Welcome to the board biatch, who knows you maybe the one that sparks off, a return of the elusive female section. Enjoy the forums.

Dave.


----------



## LM6000 (Mar 14, 2005)

Hi Biatch,

Nice user name...it's what I call my training partner! : )

Don't sweat about asking 'stupid' questions, you won't get flamed here!

As the rest of guys have said it's good to have a lady on the board.


----------



## Guest (Apr 16, 2005)

> as i dont feel i will achieve my new goals at my present one


whats the one you train at then, like fitness first or something??

post them questions away


----------



## Guest (Apr 16, 2005)

the gym im at the now is an independant one, would be ok if it wasnt for "the old dears", "the o no ive got a hair out of place/i cant sweat or my make-up will run","i take longer between sets than i do working them" types.
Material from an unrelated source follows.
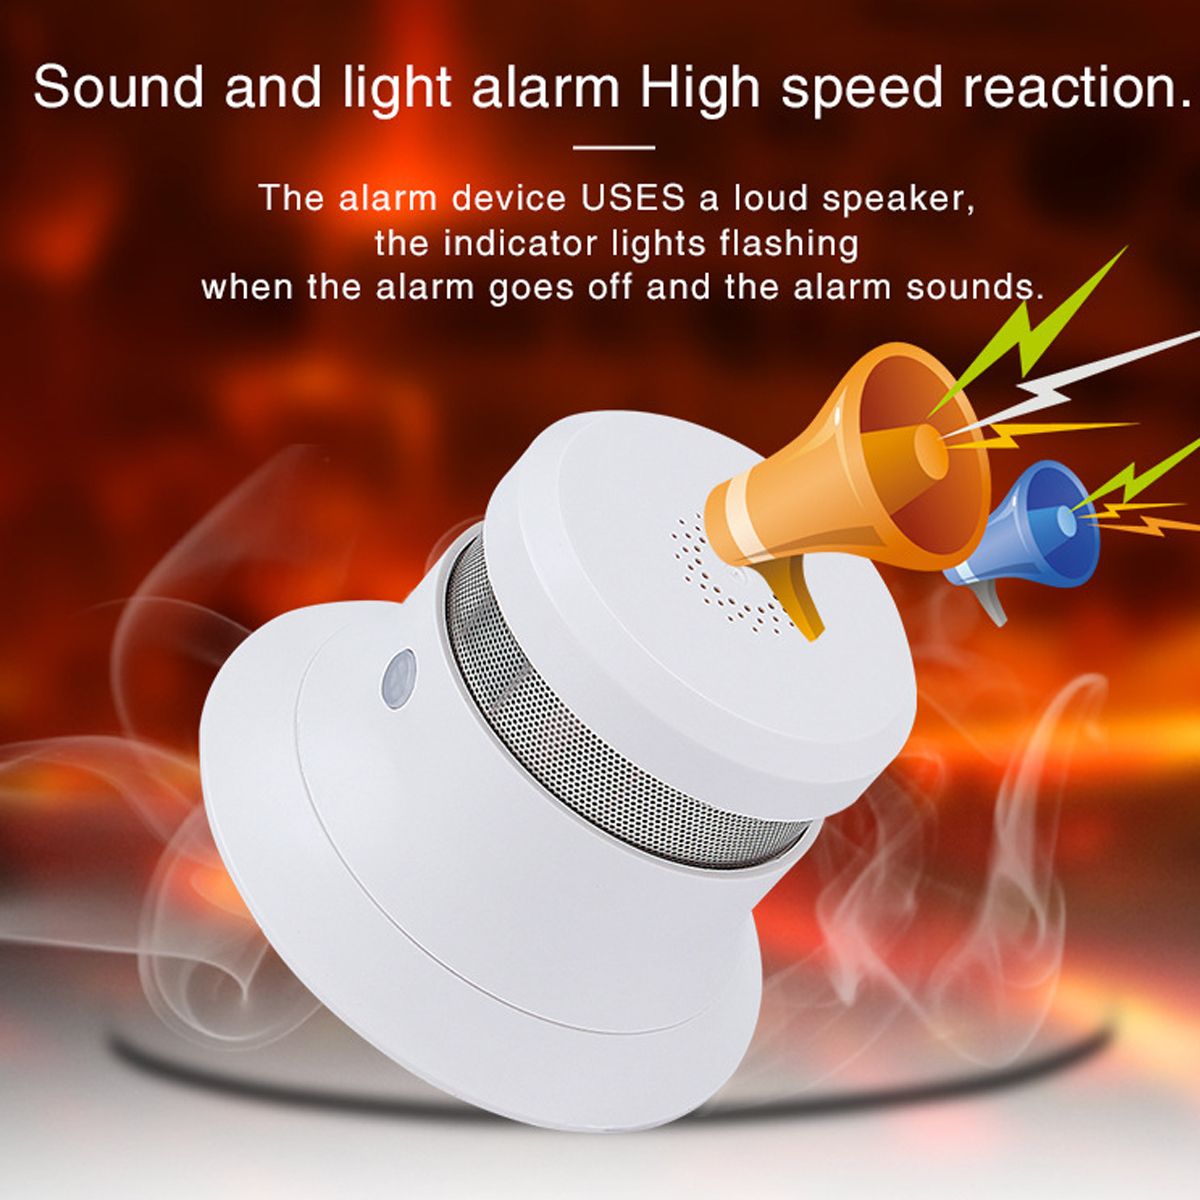 Smoke-Alarm-Detector-Sensor-Hoisting-Mounted-Wall-Mounted-Fire-Sound-Alarm-1468319

AAAAARRRRRRRGGGGGGGGGHHHHHHHHHHHH it's so fuggin frustratin, lol. but hey im gettin there slowly but surely. ive been to look at a few other gyms n theres a couple i think i'll like so im gonnae see if i can get a weeks trial at them over the summer hols.


----------



## Guest (Apr 16, 2005)

hi nice to have you on board, am new myself to this place and like urself had bn readin for a while. u'll find class topics and fast responses from these guys, they know their stuff!


----------



## Guest (Apr 16, 2005)

welcome


----------



## Guest (Apr 21, 2005)

Aww fankoo for the welcome, i feel at home now, lol.


----------